1. ## prove a vector subspace

I know i first need to prove that it is empty,

how do i show that the zero vector is in U?

i know I have to take two elements of U and add them and see if I still am in the same space, but really not sure how to?

any help appreciated.

2. ## Re: prove a vector subspace

To show the 0-matrix is in U, you need to verify that:

A0B = B0A, can you do this?

For your next question, suppose that:

AXB = BXA and AYB = BYA.

You must show that A(X+Y)B = B(X+Y)A.

Start by expanding the LHS to get:

A(X+Y)B = (AX + AY)B = AXB + AYB. Do the same for the RHS. What can you say about: A(X+Y)B - B(X+Y)A ?

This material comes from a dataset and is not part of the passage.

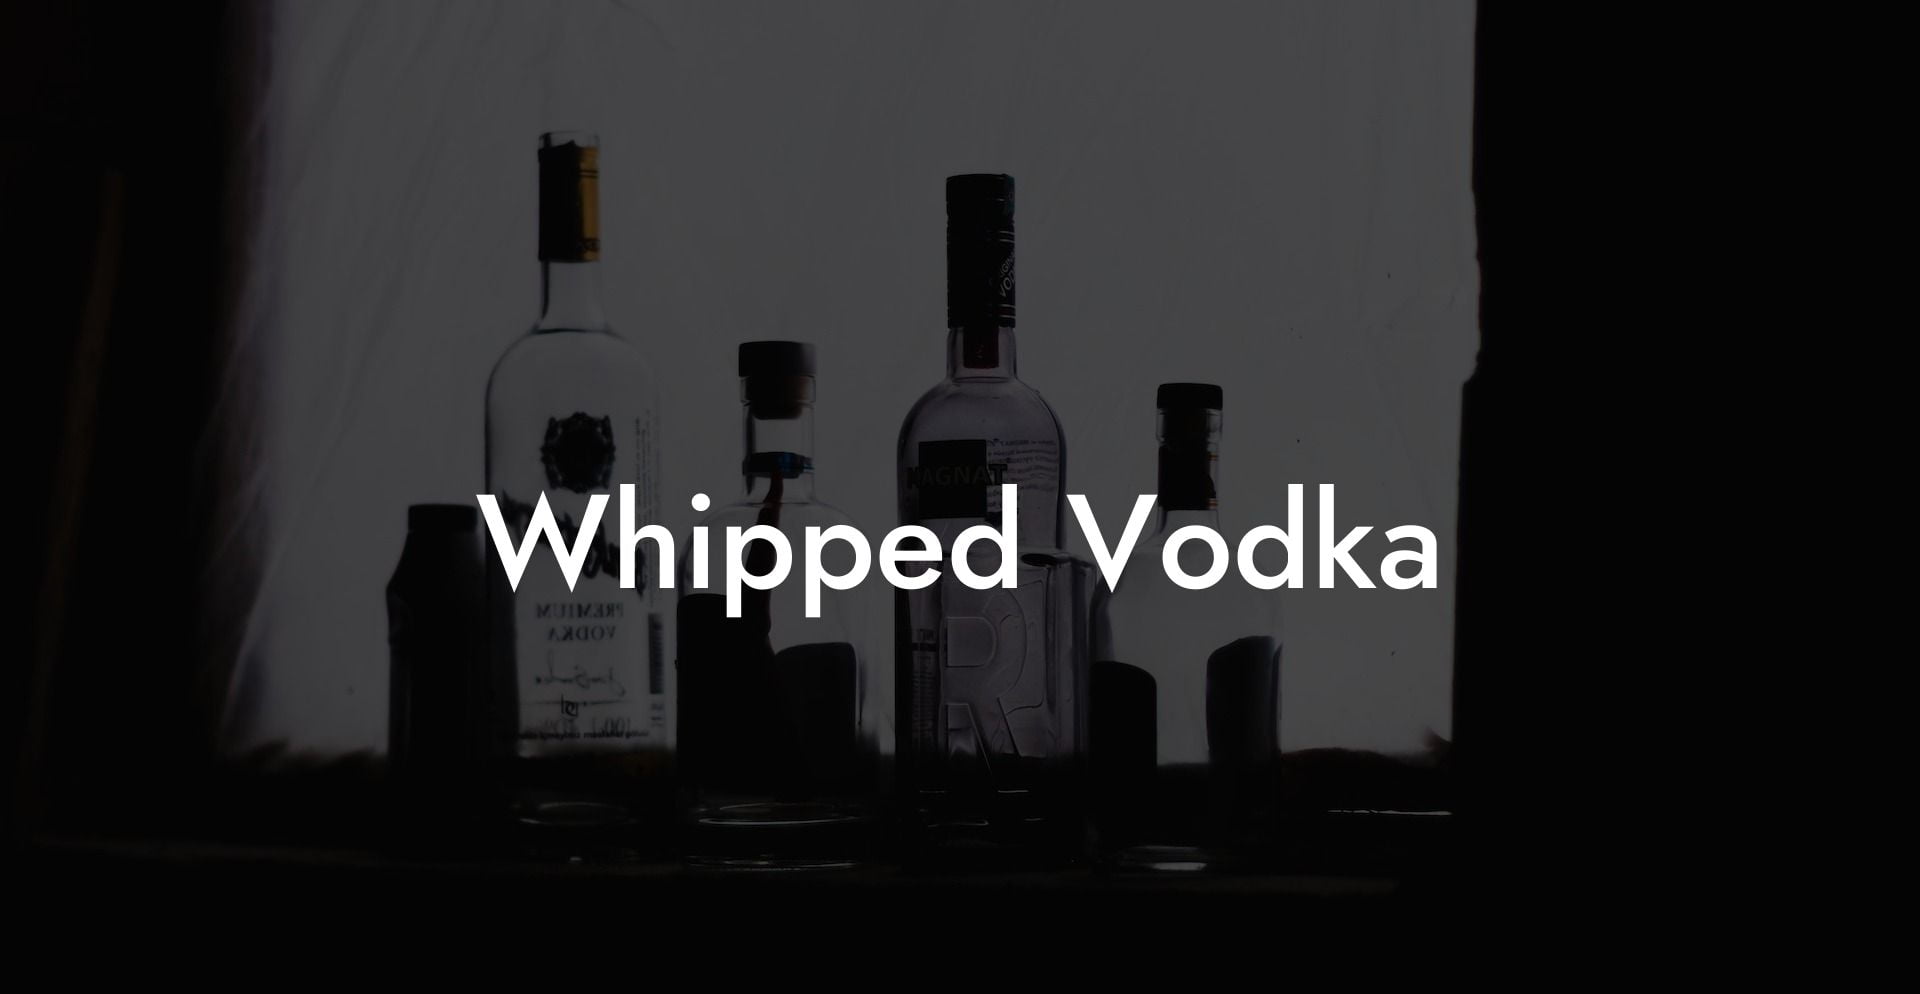 Whipped Vodka
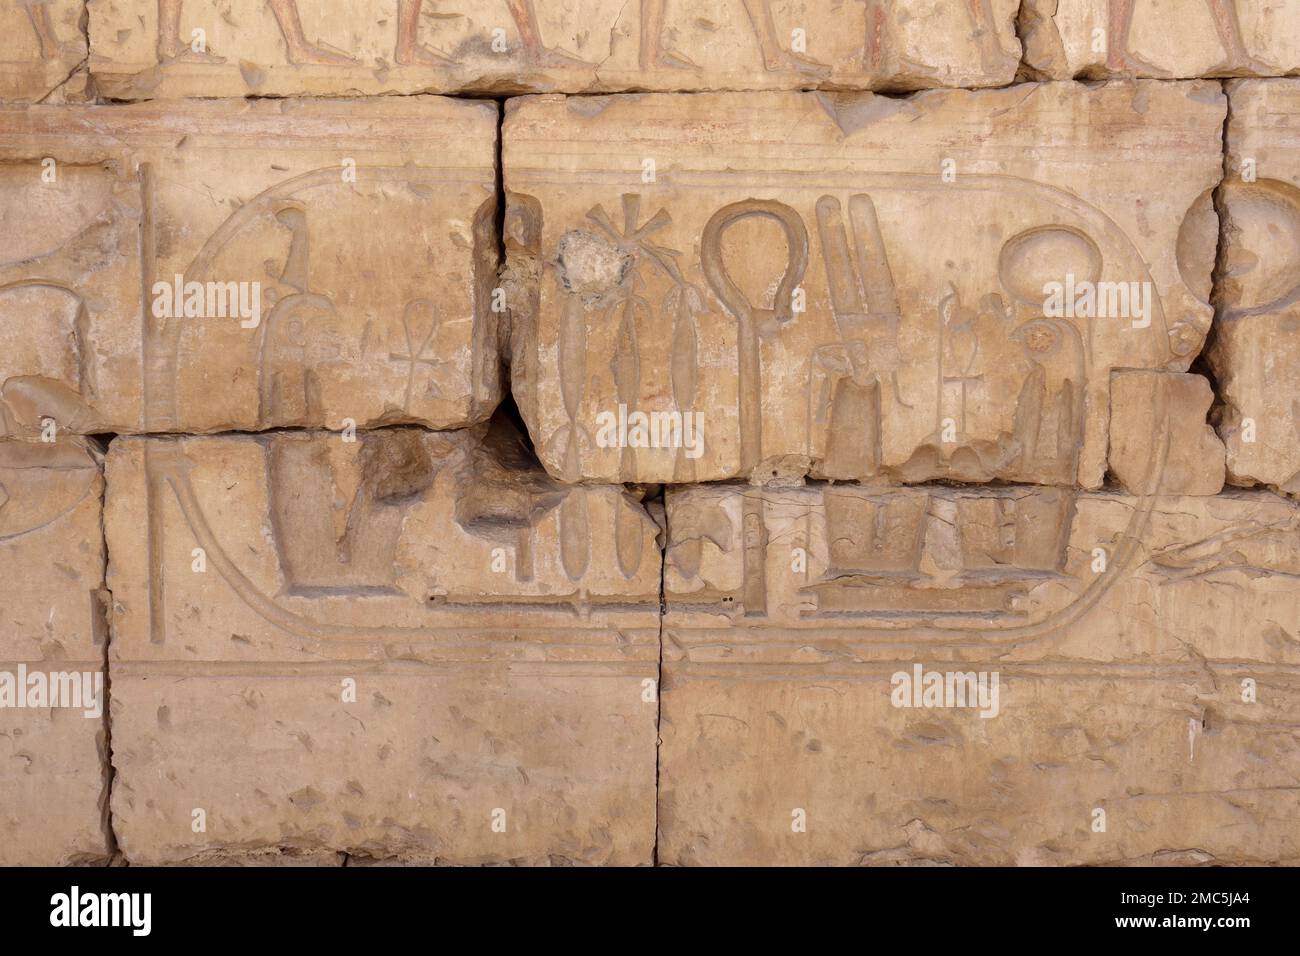 El Templo de Ramsés II, cerca del templo de Seti I en Abydos, Egipto Foto de stock

3. ## Re: prove a vector subspace

Originally Posted by Deveno
To show the 0-matrix is in U, you need to verify that:

A0B = B0A, can you do this?

For your next question, suppose that:

AXB = BXA and AYB = BYA.

You must show that A(X+Y)B = B(X+Y)A.

Start by expanding the LHS to get:

A(X+Y)B = (AX + AY)B = AXB + AYB. Do the same for the RHS. What can you say about: A(X+Y)B - B(X+Y)A ?
so

AXB + AYB = BXA + BYA

AB( X+Y) = BA(X+Y) ?

does this prove it?

4. ## Re: prove a vector subspace

You don't prove something by starting out with what you're trying to prove. You start with what you're GIVEN.

We want to prove that if X and Y are in U, then X+Y is in U. Maybe this isn't true, we need to find out. What is our criterion for deciding if X,Y are in U? That AXB = BXA, and AYB = BYA. So that is where we start.

So the question is: is it THEN true that:

A(X+Y)B = B(X+Y)A?

Now A(X+Y)B = (A(X+Y))(B) (associative law for matrix multiplication)

= (AX+AY)B (distributive law for matrix muultiplication)

= AXB + AYB (distributive law again).

Since AXB = BXA (given),

= BXA + AYB ....can you continue?

It is NOT true that:

AXB + AYB = BXA + BYA implies AB(X+Y) = BA(X+Y), in general, you can't "treat matrices like numbers" and "change the order of multiplication" (bring stuff "in front"). AB and BA are usually two different matrices.

5. ## Re: prove a vector subspace

And if X in U, show kX in U, k a scalar.

6. ## Re: prove a vector subspace

Originally Posted by Hartlw
And if X in U, show kX in U, k a scalar.
Towards this end, it might be helpful to recall that:

kX = (kI)X and that the matrices kI DO commute with any matrix, so k(AXB) = (kI)(AXB) = A(kI)(XB) = A((kI)(X))B = A(kX)B.